Making a conscious choice to eat organic food, buy locally-grown produce, and support establishments with sustainable practices, as well as making an overall shift to healthier eating have been growing trends since the early 2000s.
Along with that, we’ve also seen our fair share of fad diets through the years (each with their own weight-loss and better health claims). And while some have proven beneficial for people with certain conditions—in the way the gluten-free diet works for those with celiac disease, for example—a number of these diets have also been proven as non-beneficial or impractical, especially if your goal is to ultimately be healthier.
There have also been eating movements that have remained, some growing even more in popularity, such as the shift to veganism, vegetarianism, and plant-based dieting.
But while each movement involves a greater intake of plant-based food or fruits and vegetables, there’s more to these diets than simply munching on greens.
Vegan
A vegan diet focuses on food not obtained from animals. This means no meat, chicken, fish, egg, milk, cheese, honey, and other animal products. Aside from cutting these out of their meals, vegans also abstain from using items and other commodities made of animal products, such as leather, fur, wool, and silk.
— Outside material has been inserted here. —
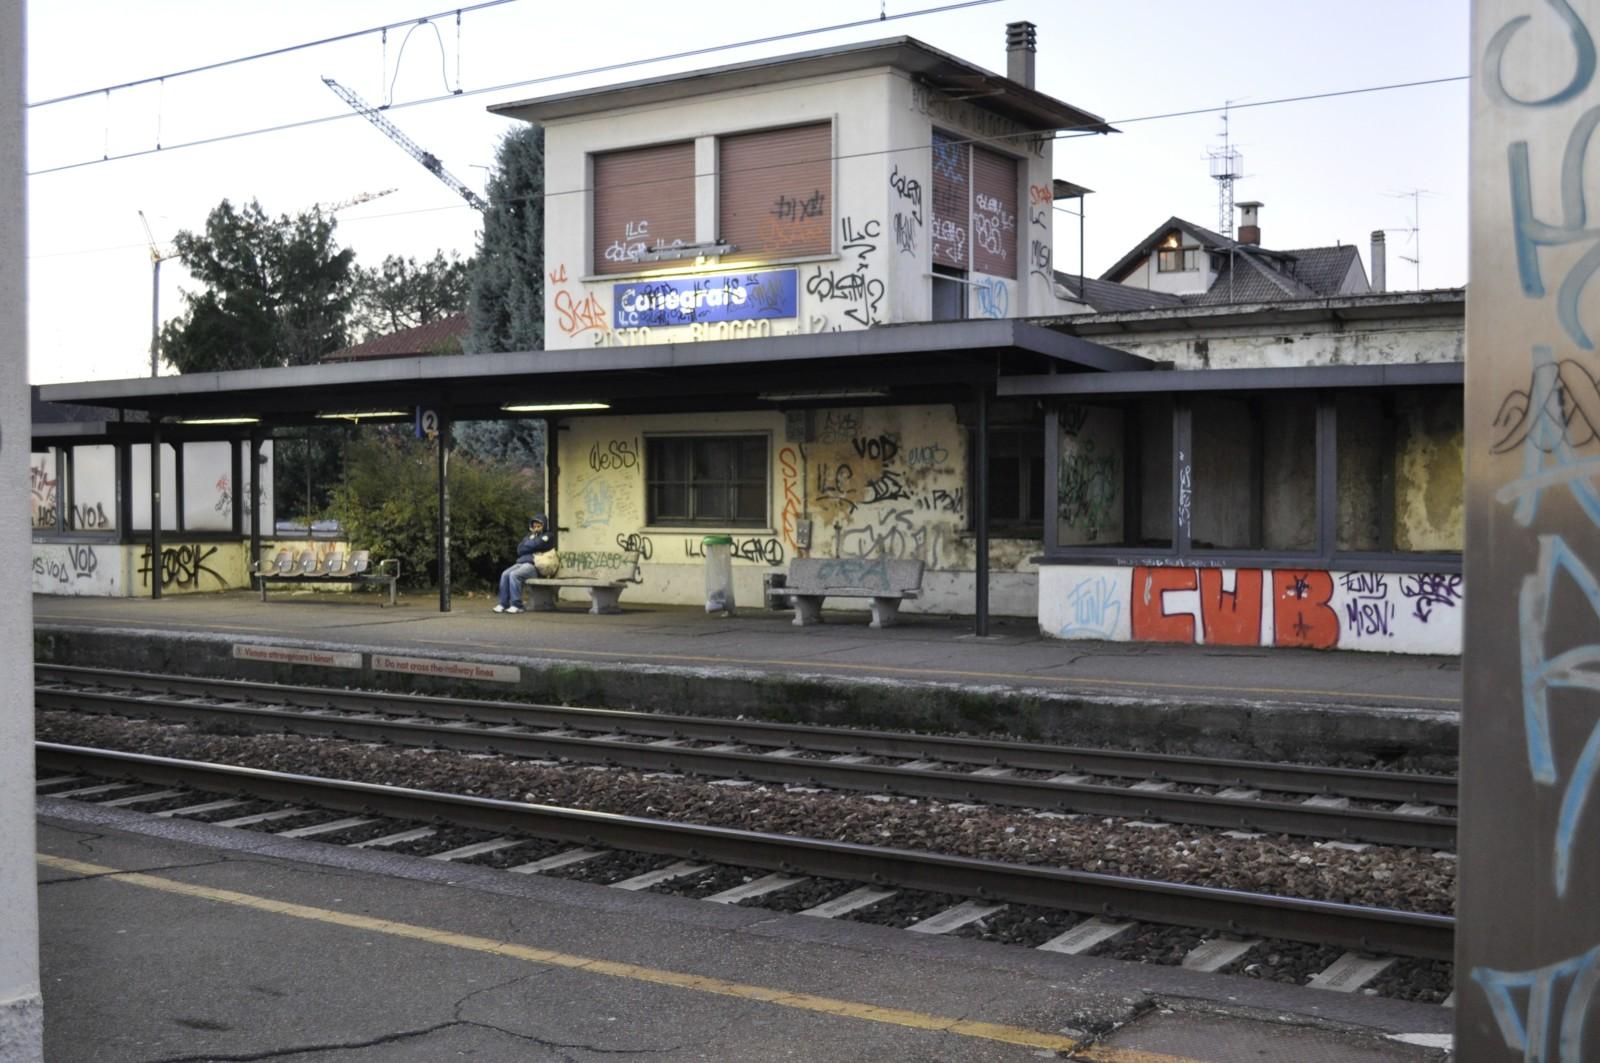 Canegrate stazione

A vegan lifestyle is influenced by more than just a desire to eat healthier. Generally, veganism comes with ethical motivations, especially with concerns on the treatment of animals. As supporters of animal rights, vegans opt to exclude anything animal-related across all spheres of their consumption.
Abstaining from animal-based products, especially meat, also proves to be beneficial to the environment, as processing of meat often entails expending vast amounts of water, and also even releasing greenhouse gases.
While vegans usually eat plant-based food, processed food may also still be part of their diets, so long as it does not contain any animal products. So yes, vegans can still enjoy, Betty Crocker Bac-Os Bacon Flavor Bits, and even Taco Bell Bean Burritos (but no cheese, please).
Vegetarian
There are various definitions of vegetarianism, some of which overlap with veganism. The Vegetarian Society defines a vegetarian as “someone who lives on a diet of grains, pulses, nuts, seeds, vegetables, and fruits, with or without use of dairy products and eggs. A vegetarian does not eat any meat, poultry, game, fish, shellfish, or by-products of slaughter.”
Degrees of vegetarianism have also been defined, depending on the types of non-plant-based food (eggs, dairy, and others) included in the diet. Vegan falls under vegetarianism.
Plant-Based
Meanwhile, those who follow plant-based diets eat meals that are focused around plant foods. These include fruits, vegetables, legumes, grains, nuts, and seeds. Like vegans, those who have plant-based diets do not include meat, dairy, butter, eggs, gelatin, and other animal products in their meals.
But while a plant-based meal could be vegan, a vegan meal wouldn’t automatically be plant-based. From the name itself, the diet excludes foods that are processed, and thus refers only to whole plant foods.
In pedestrian terms, if it no longer resembles a plant, you can’t eat it.
Another difference between vegan and plant-based is the general motivation behind the adherence to such a diet. While vegans may feel strongly about the welfare of animals—from those that produce items like milk or eggs, to those that are slaughtered for their meat, skin or fur, or tested on for other consumer goods like cosmetics—those following a plant-based diet may have no qualms about buying clothes or items made of leather or wool.
The driving force for a person who follows a plant-based diet is more likely based on health than ethics. This diet helps prevent or even reverse chronic illnesses and other conditions like heart disease, high cholesterol, high blood pressure, and diabetes.
While each type of diet has its own benefits, making the switch requires preparation and commitment. It always helps to check with a dietician to ensure that the food you cut out from your diet will be replaced with other items that can give you the same nutrients. Protein from meat, for example, could be substituted by legumes, whole grains, or green vegetables like spinach, with the added perk that it doesn’t come with saturated fat and cholesterol the way meat or other processed food do.